» **Data excerpts**
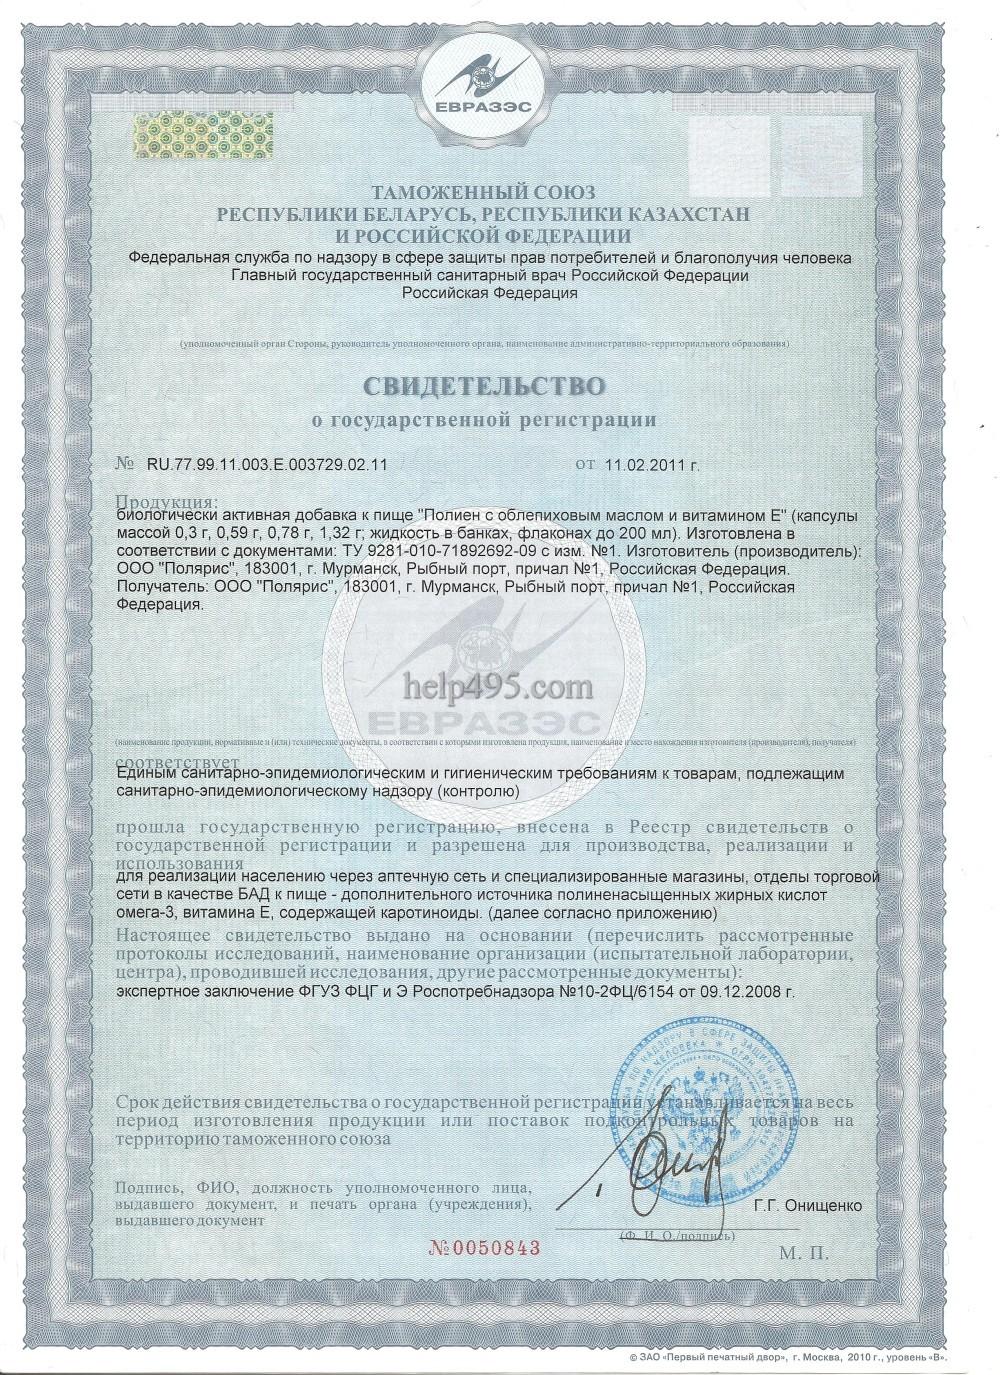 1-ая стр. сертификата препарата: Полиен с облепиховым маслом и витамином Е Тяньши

...

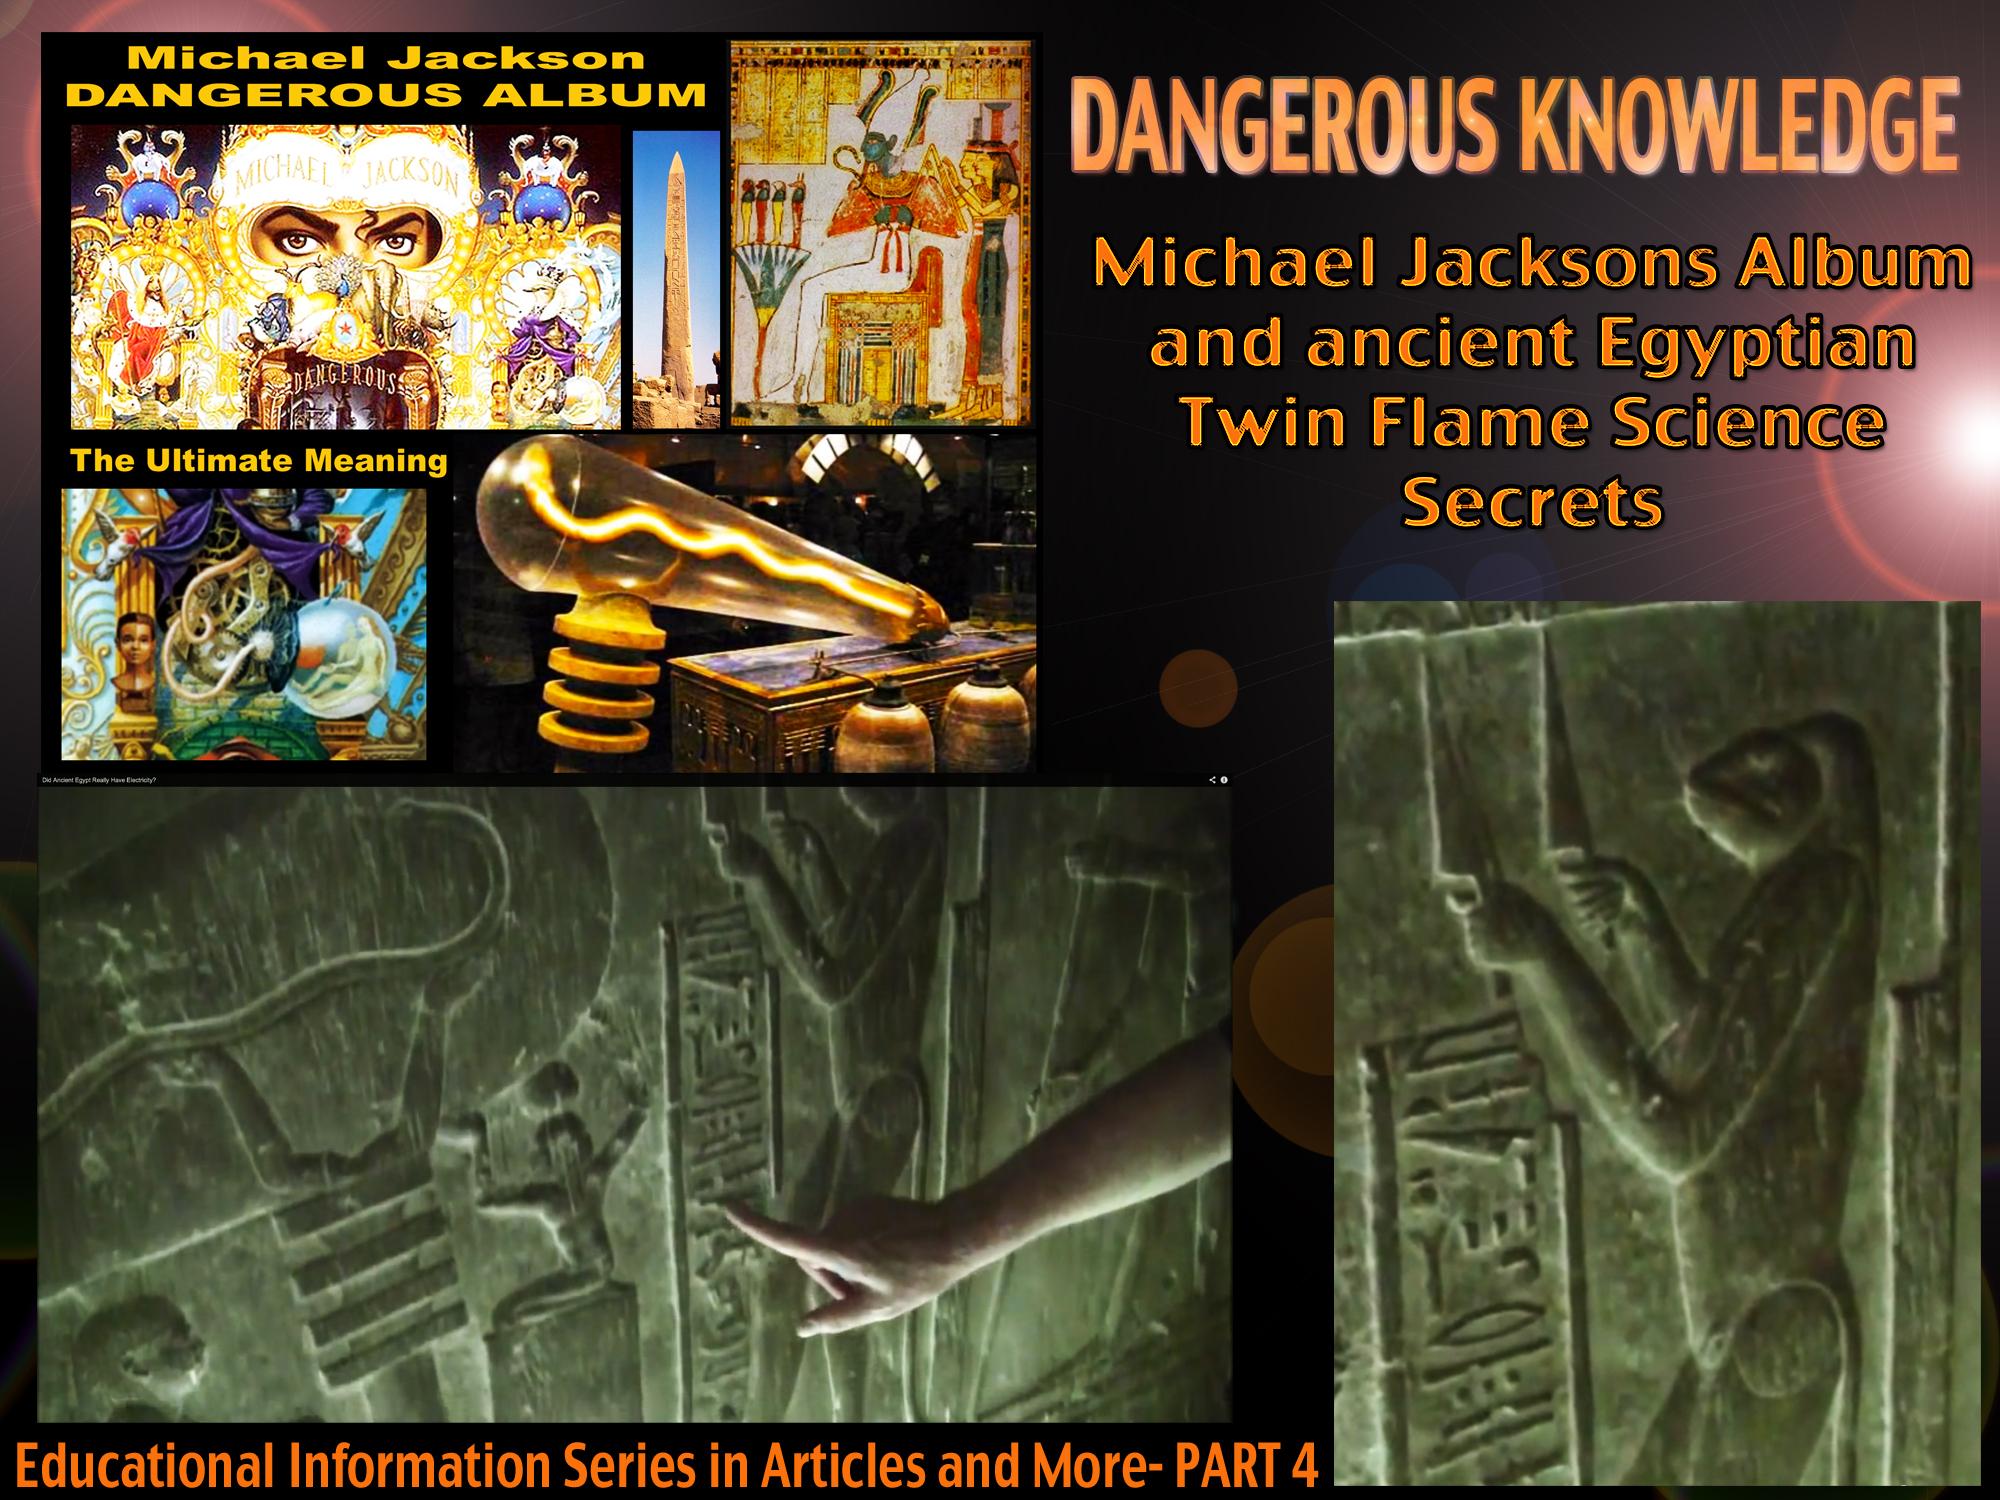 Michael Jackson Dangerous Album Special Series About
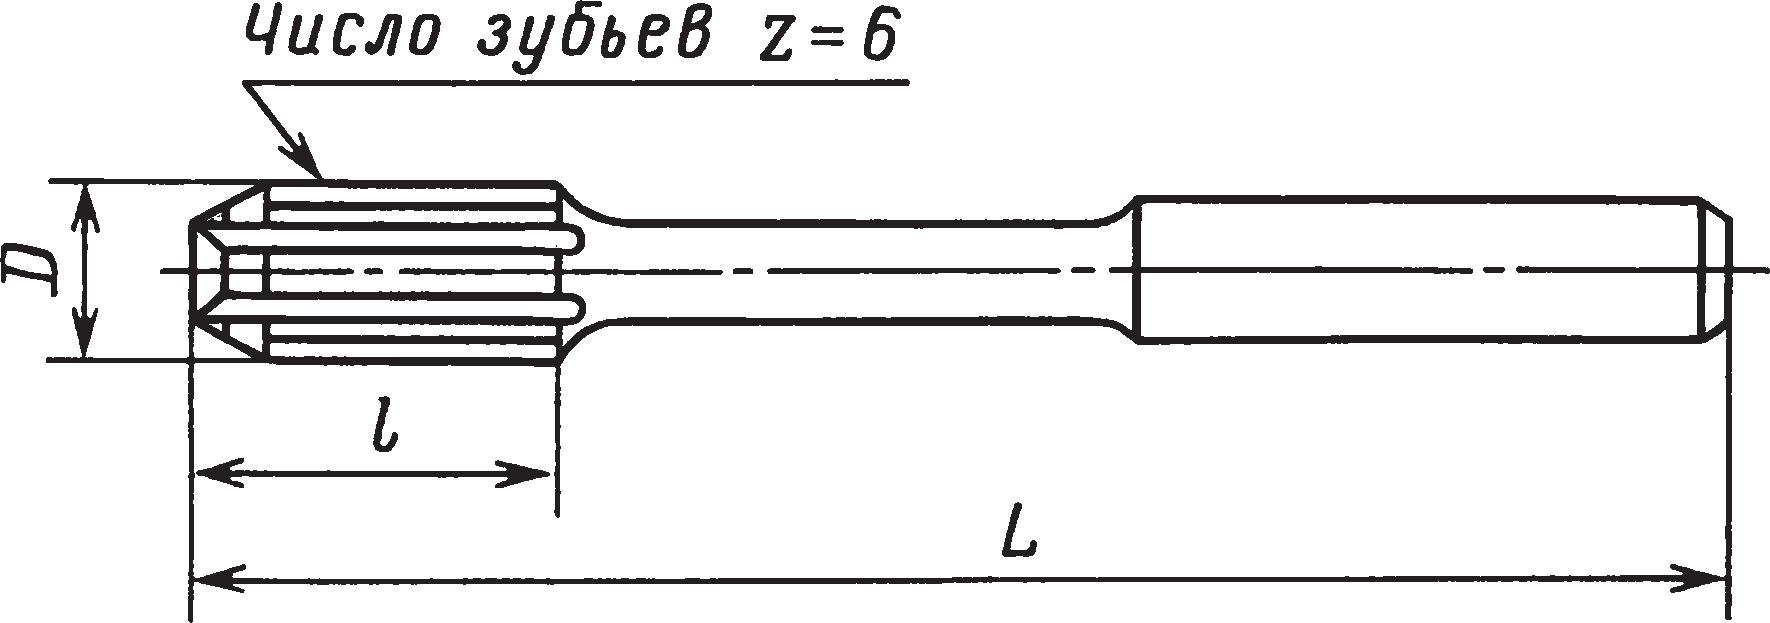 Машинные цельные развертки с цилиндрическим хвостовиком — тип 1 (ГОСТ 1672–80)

» **Work required**
Your copy should hold the lines from the one with "Michael Jackson Dangerous" up to and including the one with "Машинные цельные развертки", exactly as in the data above, and no pictures.

» **Solution**
 Michael Jackson Dangerous Album Special Series About
 Машинные цельные развертки с цилиндрическим хвостовиком — тип 1 (ГОСТ 1672–80)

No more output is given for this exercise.